** WHAT IS NEEDED **
Return verbatim the lines that run from the one holding "LAUREN RALPH LAUREN, Faux" to the end of the listing, both ends included, without the pictures.

(Beginning of SOURCE MATERIAL)

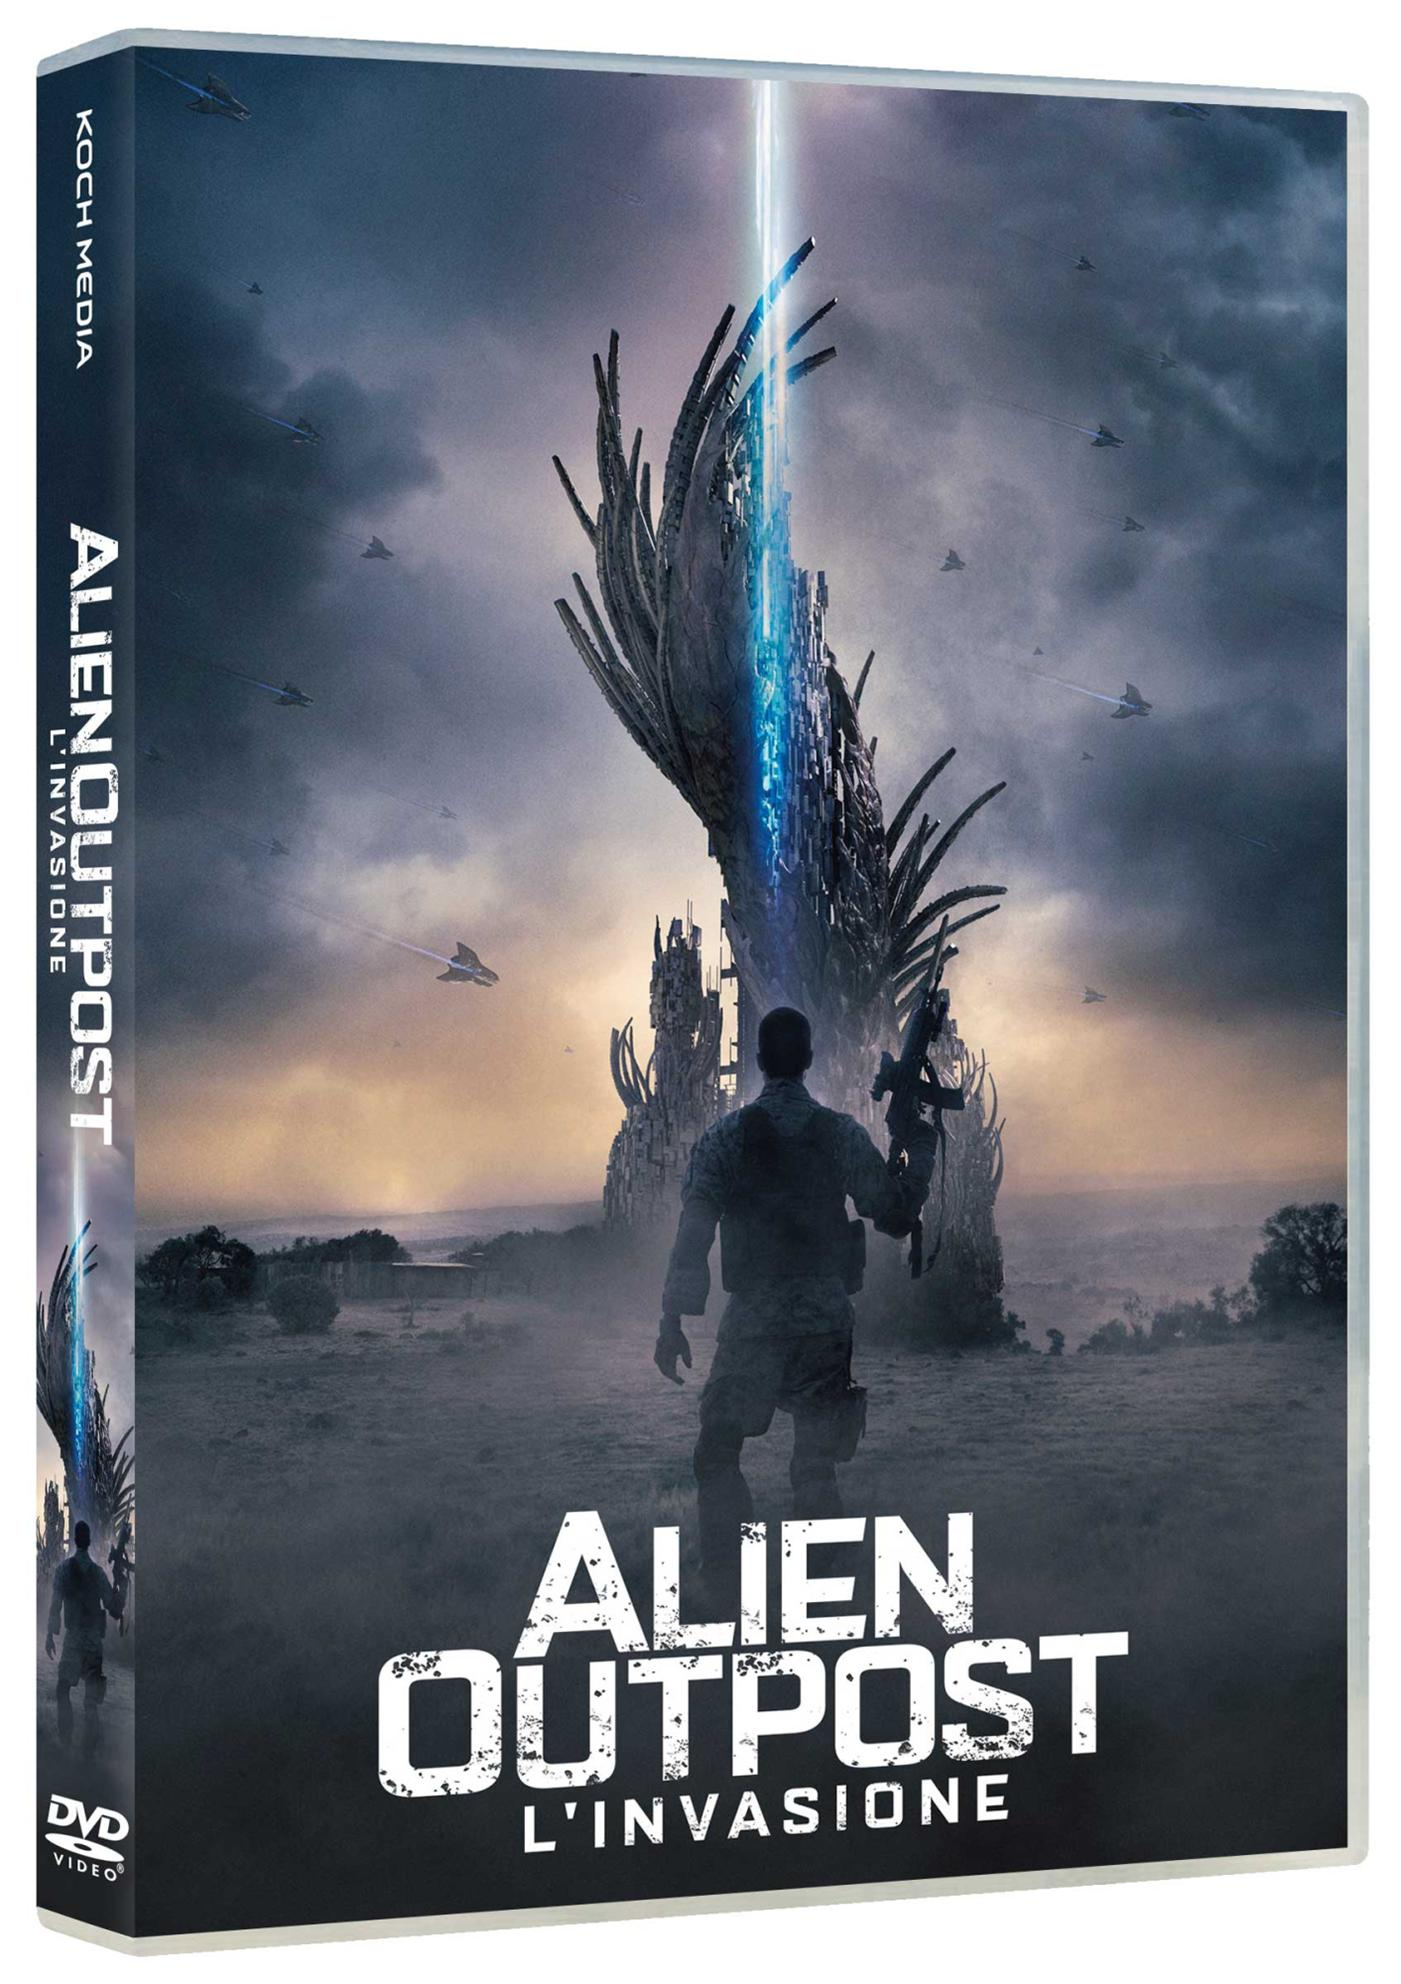 ALIEN OUTPOST - L'INVASIONE (DVD)
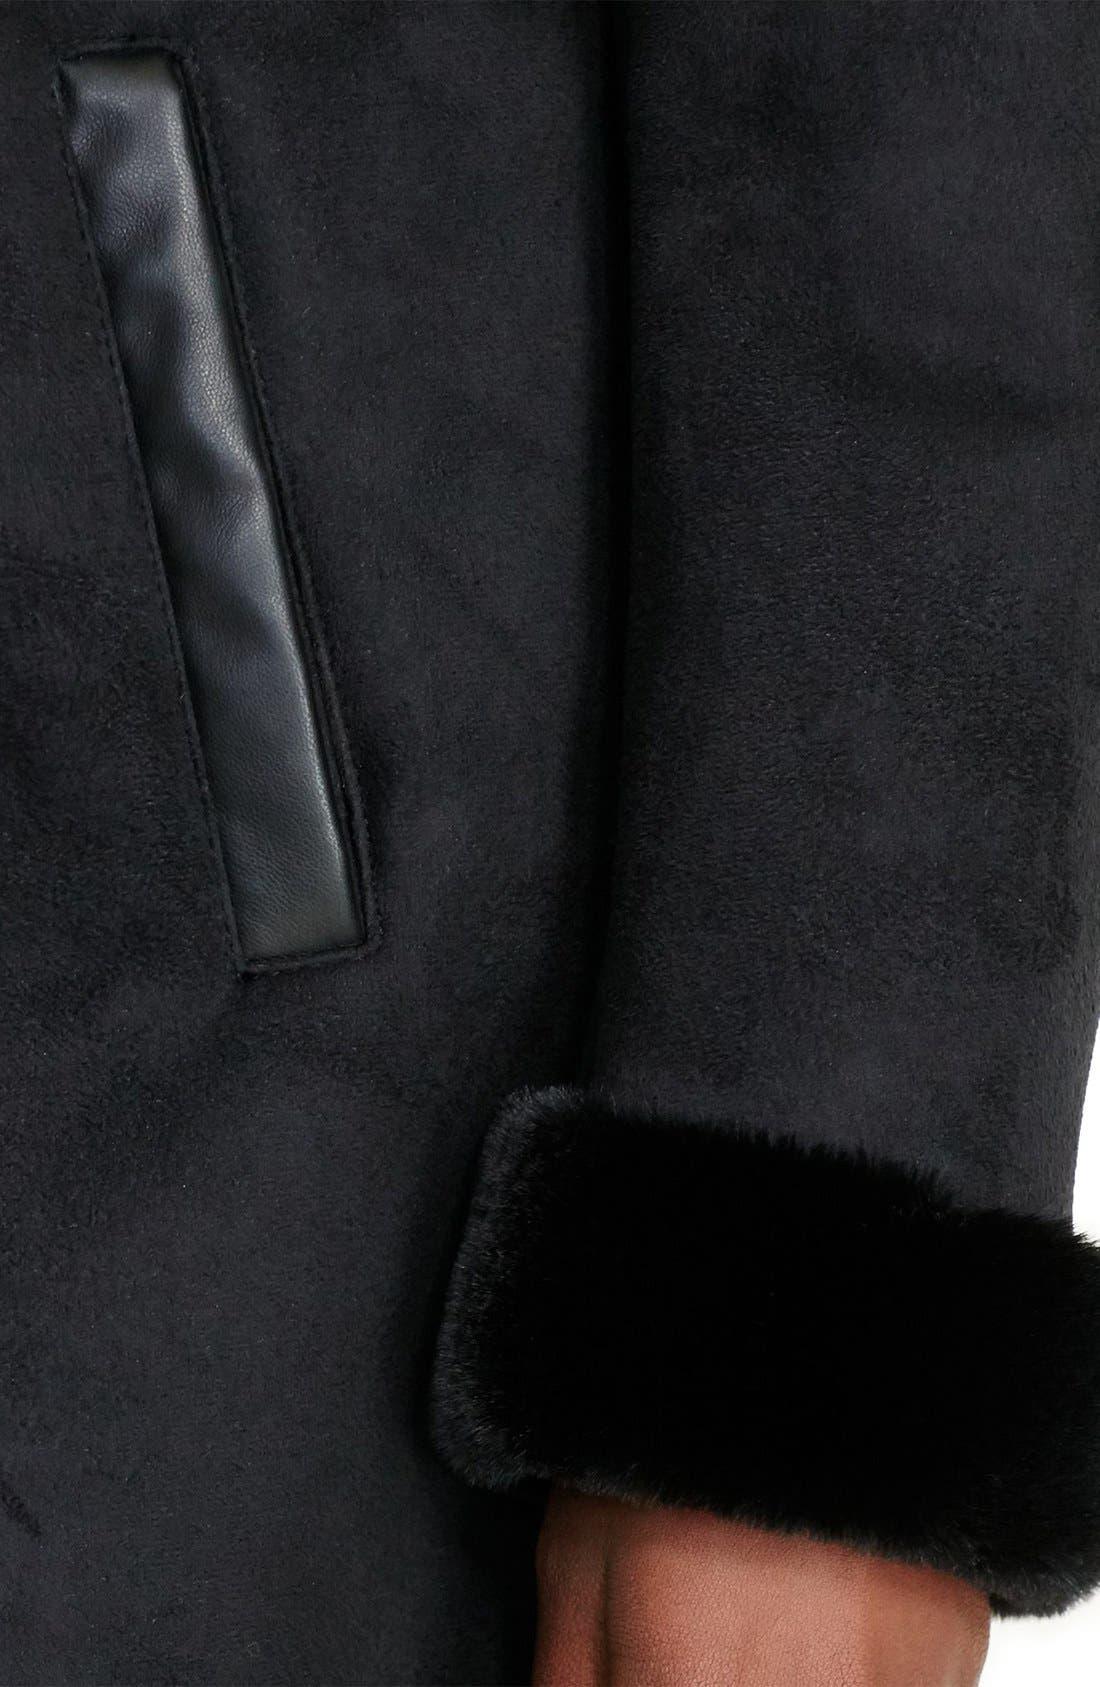 LAUREN RALPH LAUREN, Faux Shearling Coat, Alternate thumbnail 4, color, 001
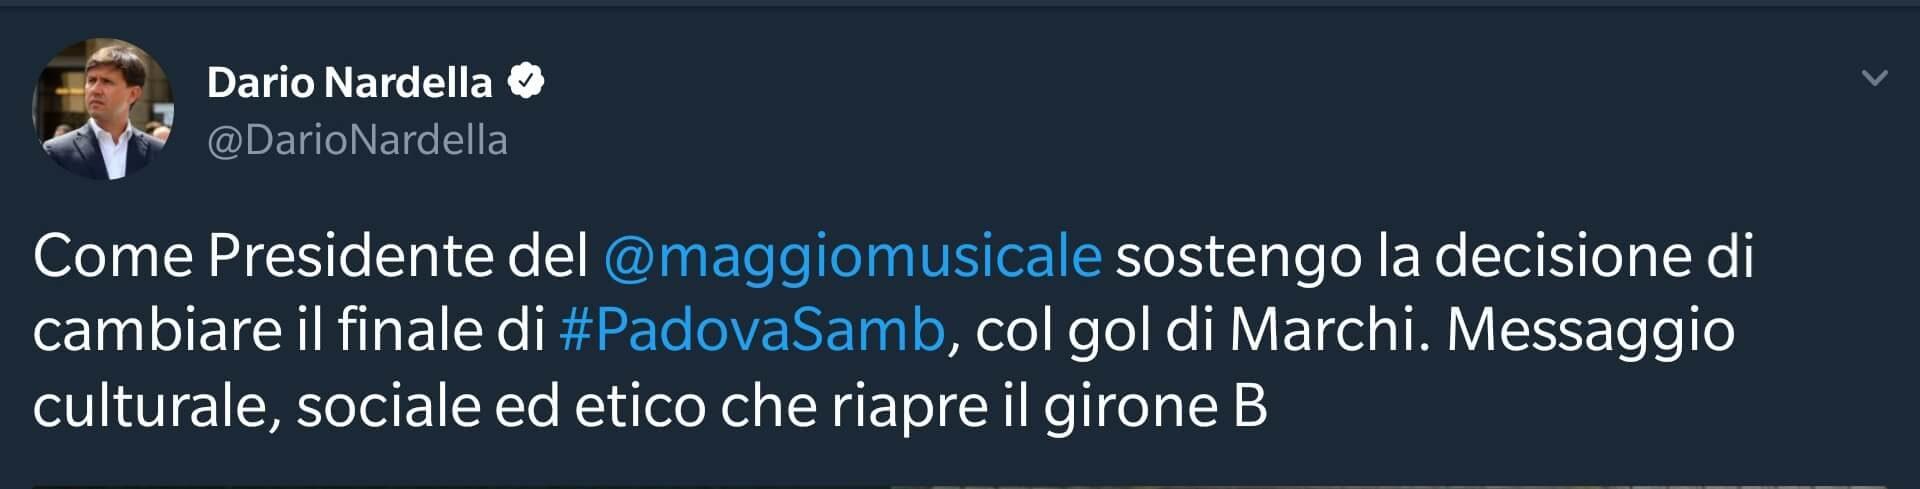 Padova-Samb Nardella

(End of SOURCE MATERIAL)

** TASK RESPONSE **
 LAUREN RALPH LAUREN, Faux Shearling Coat, Alternate thumbnail 4, color, 001
 Padova-Samb Nardella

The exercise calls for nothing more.